In Sullivan, a white plaintiff alleged that he had been punished for trying to *667 vindicate the rights of non-white minorities. The defendant had expelled him from a corporation operating community recreation facilities solely because he had leased his house and assigned his membership share in the corporation to a black person. Although the plaintiff had sued under both §§ 1981 and 1982, the Supreme Court referred explicitly to § 1982 in setting out the rationale for its holding that the plaintiff had standing to maintain the action. According to DeMatteis, supra, the Supreme Court did not thereby limit its holding on the standing issue to § 1981.

“[W]hite persons [must] be accorded standing to sue under both § 1981 and § 1982 in circumstances similar to those present in Sullivan.” 511 F.2d 306, 312 n. 9.

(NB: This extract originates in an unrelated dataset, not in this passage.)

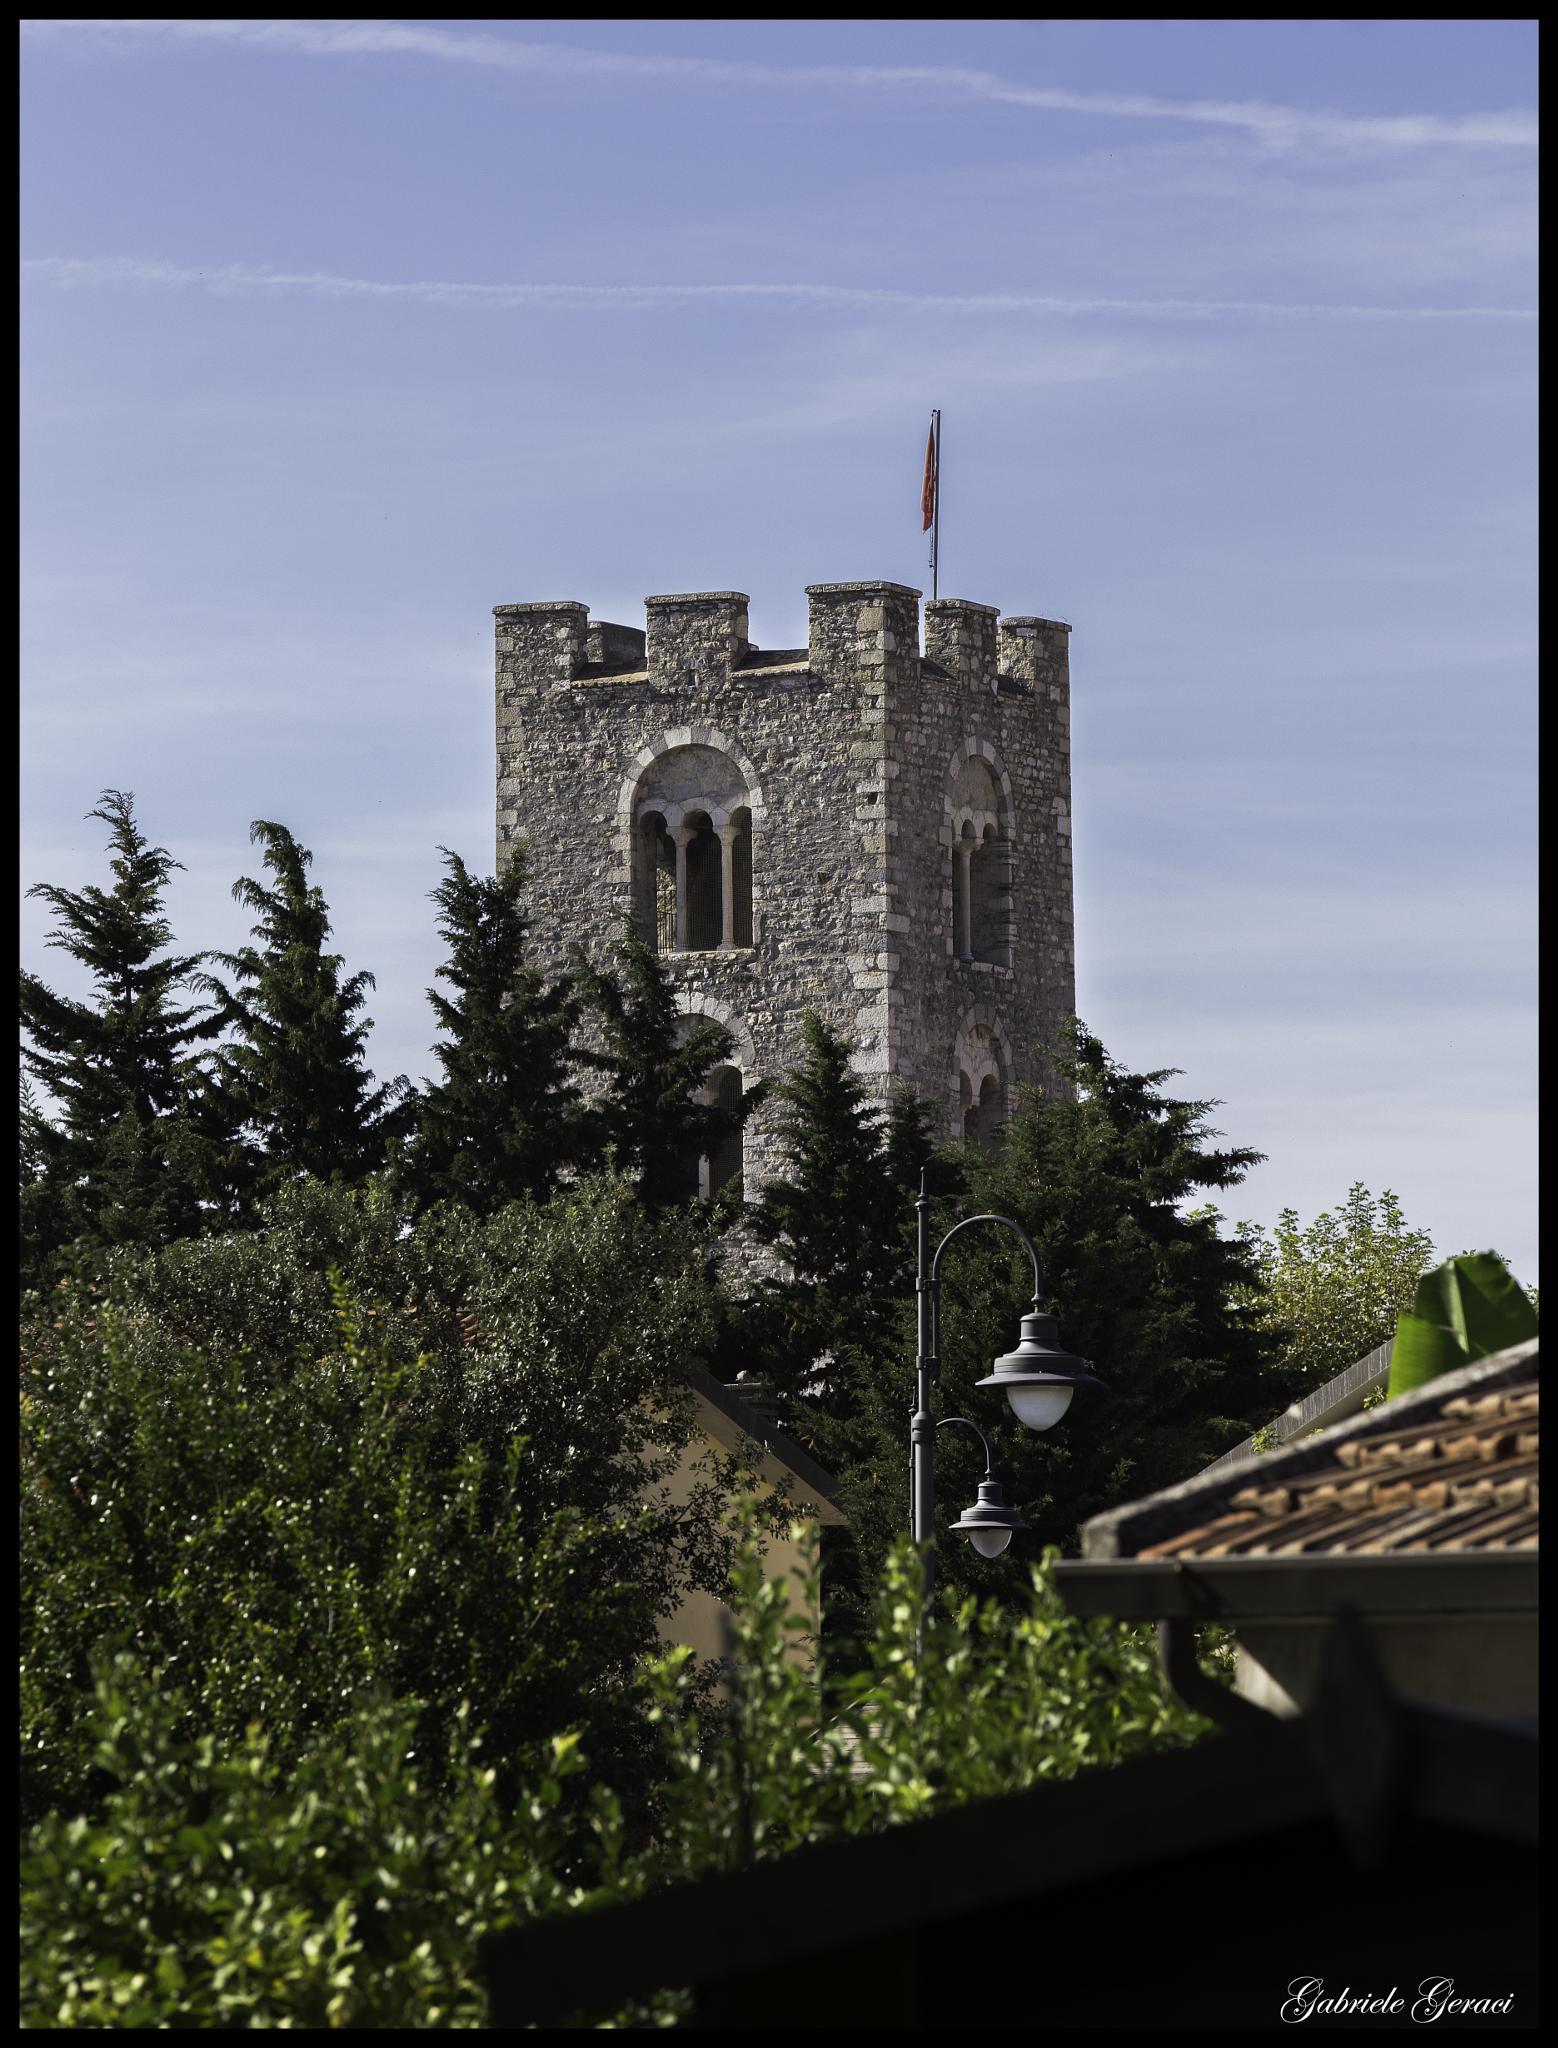 La Torre by Gabriele Geraci
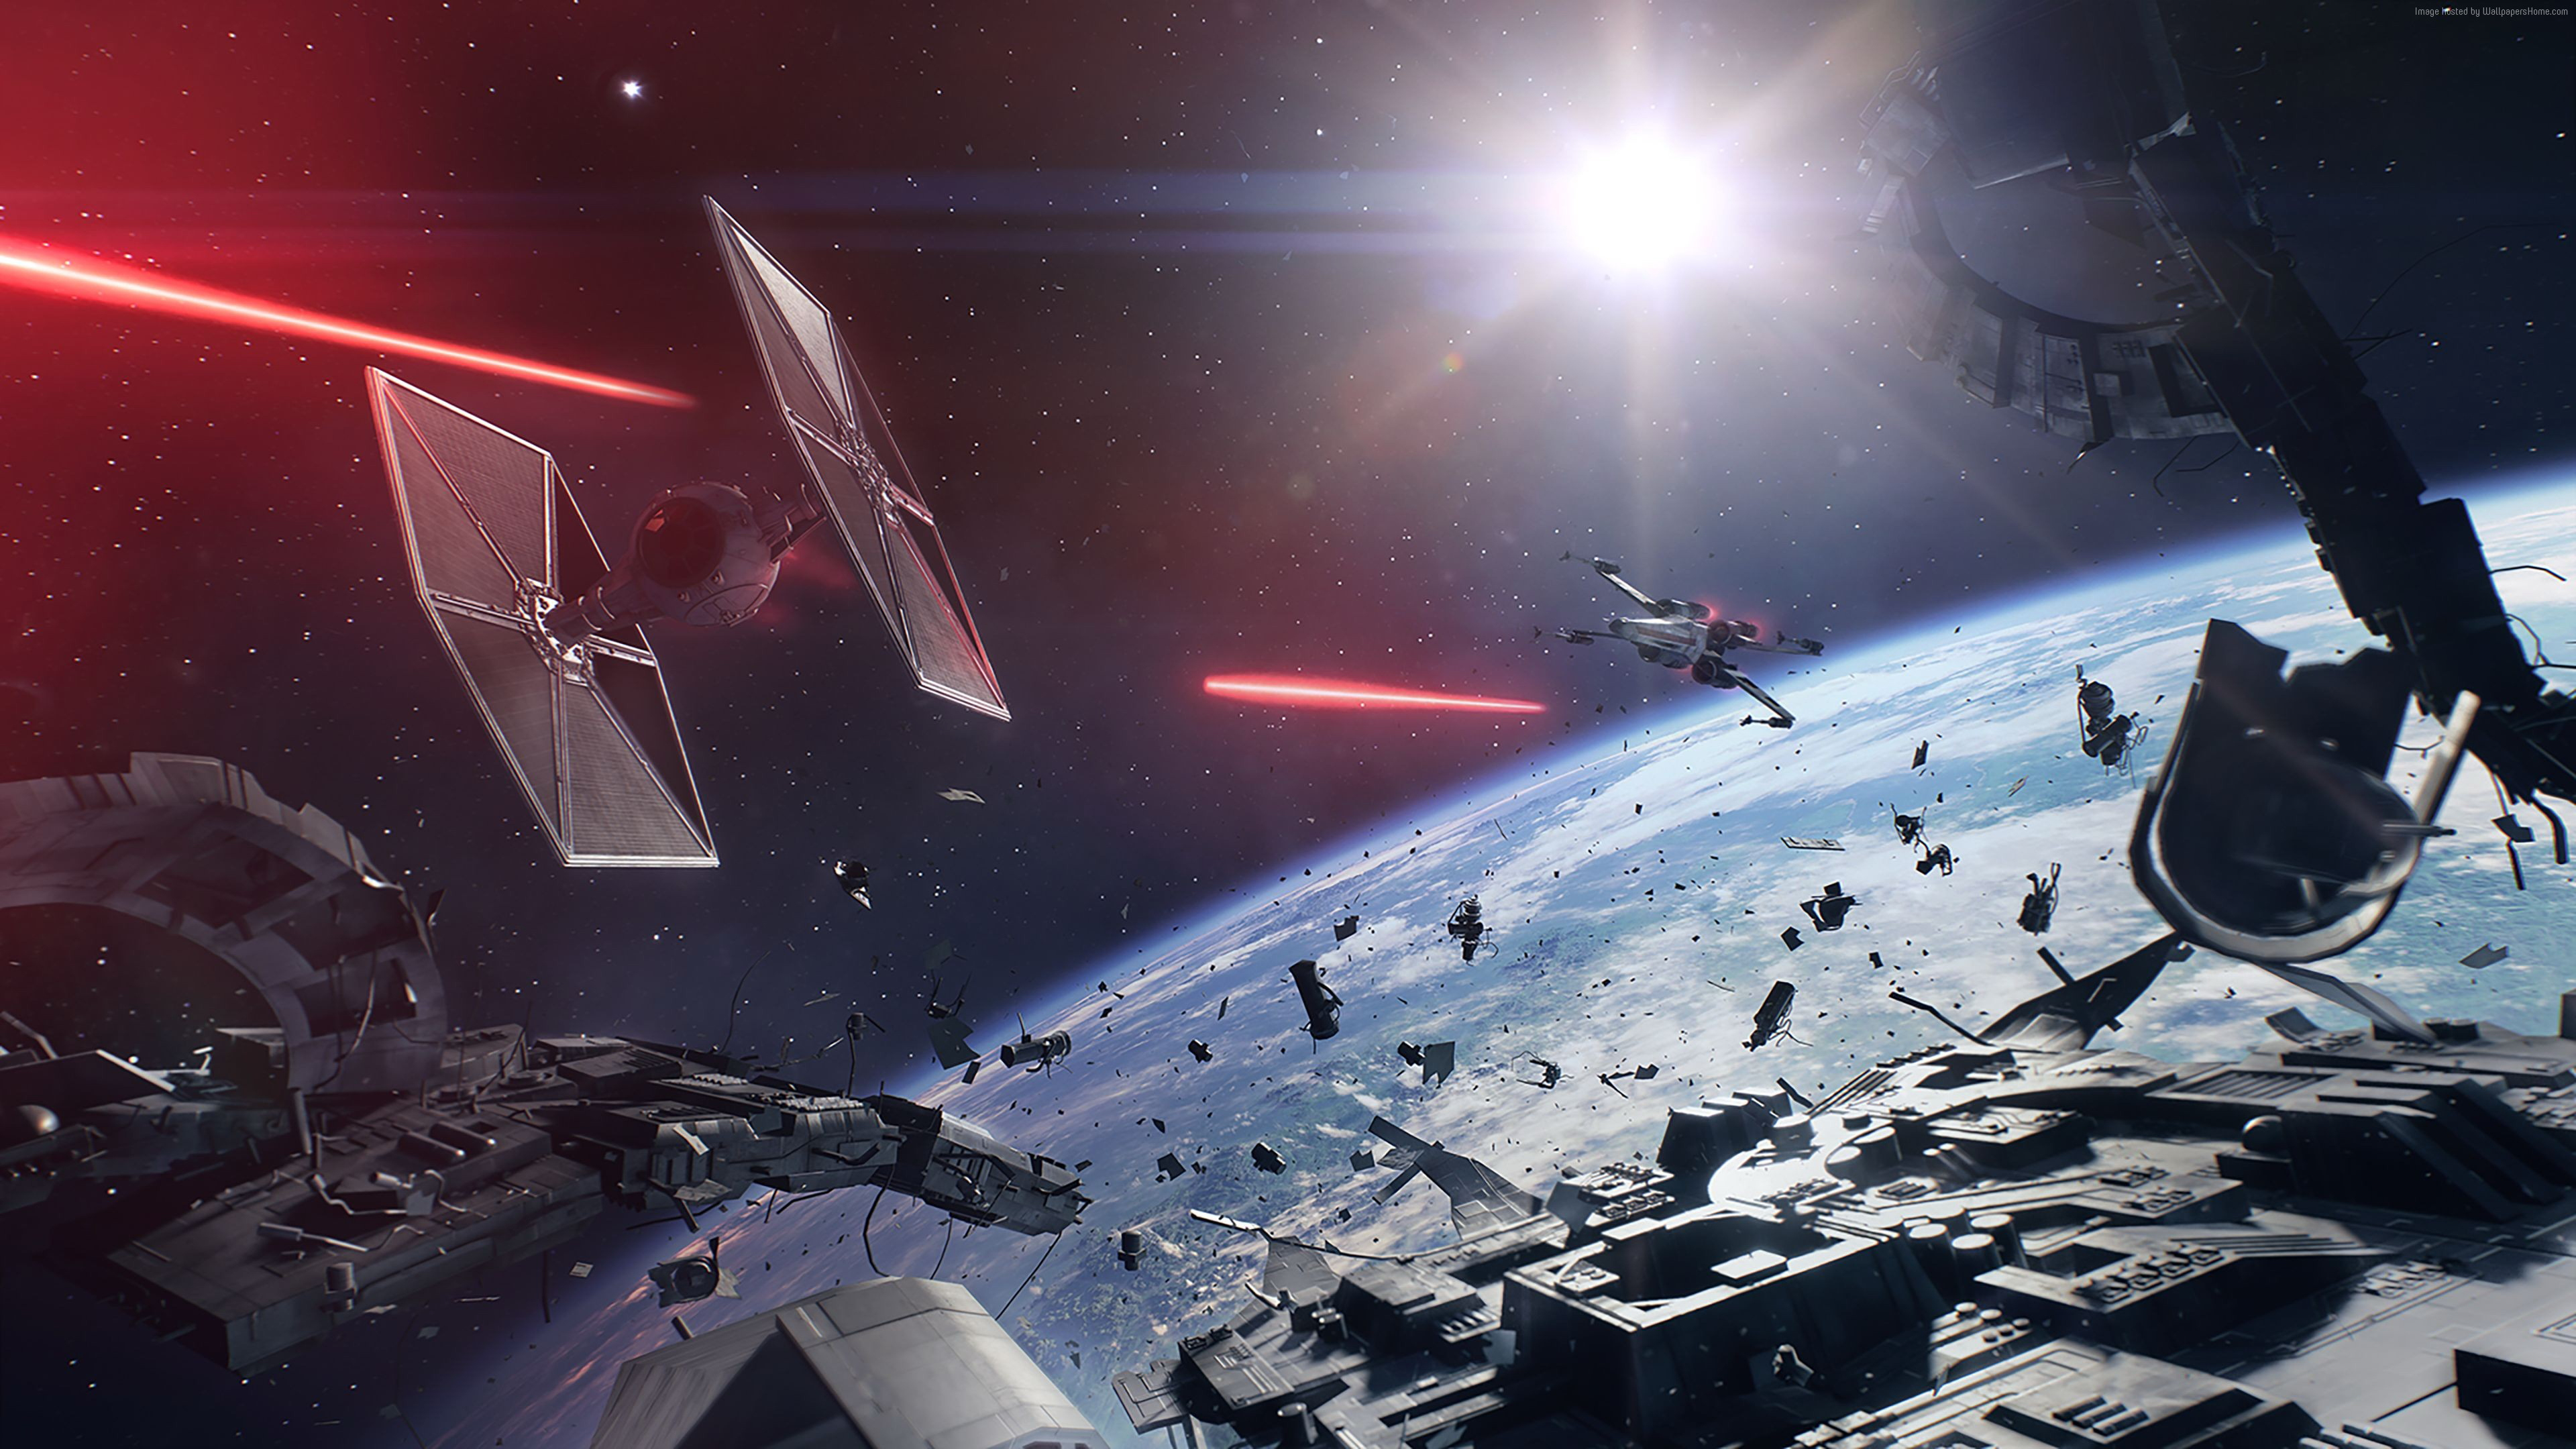 Desktop Wallpapers Star Wars Battlefront Ii 2017 Starship 3840x2160

We agree with this conclusion. Because the instant case presents circumstances that are in all material respects similar to Sullivan, we hold that Cubas has stated a cause of action under § 1981. 4

Although we have found no Third Circuit opinions directly in point, we note that our decision is consistent with Richardson v. Miller, 446 F.2d 1247 (3d Cir. 1971). In Richardson, it was held that the plaintiff stated a cause of action under § 1985(3) when he alleged that the defendants conspired against him (for racially discriminatory reasons) to deprive him of equal protection of the law. The plaintiff was not himself a member of the racial group against which the defendants’ animus was allegedly directed. Nevertheless, his discharge from employment by the defendants — allegedly because of his opposition to their racially discriminatory employment practices — was held actionable under § 1985(3). 5 As recently stated in Whetzler v. Krause, C.A. No. 75-1795, 411 F.Supp. 523 (E.D.Pa.1976), the Third Circuit’s interpretation of the class-based requirement in § 1985(3) is

“[t]hat one must be a member of a race or class discriminated against, or at least involved with a race or class discriminated against . . . .” At 529.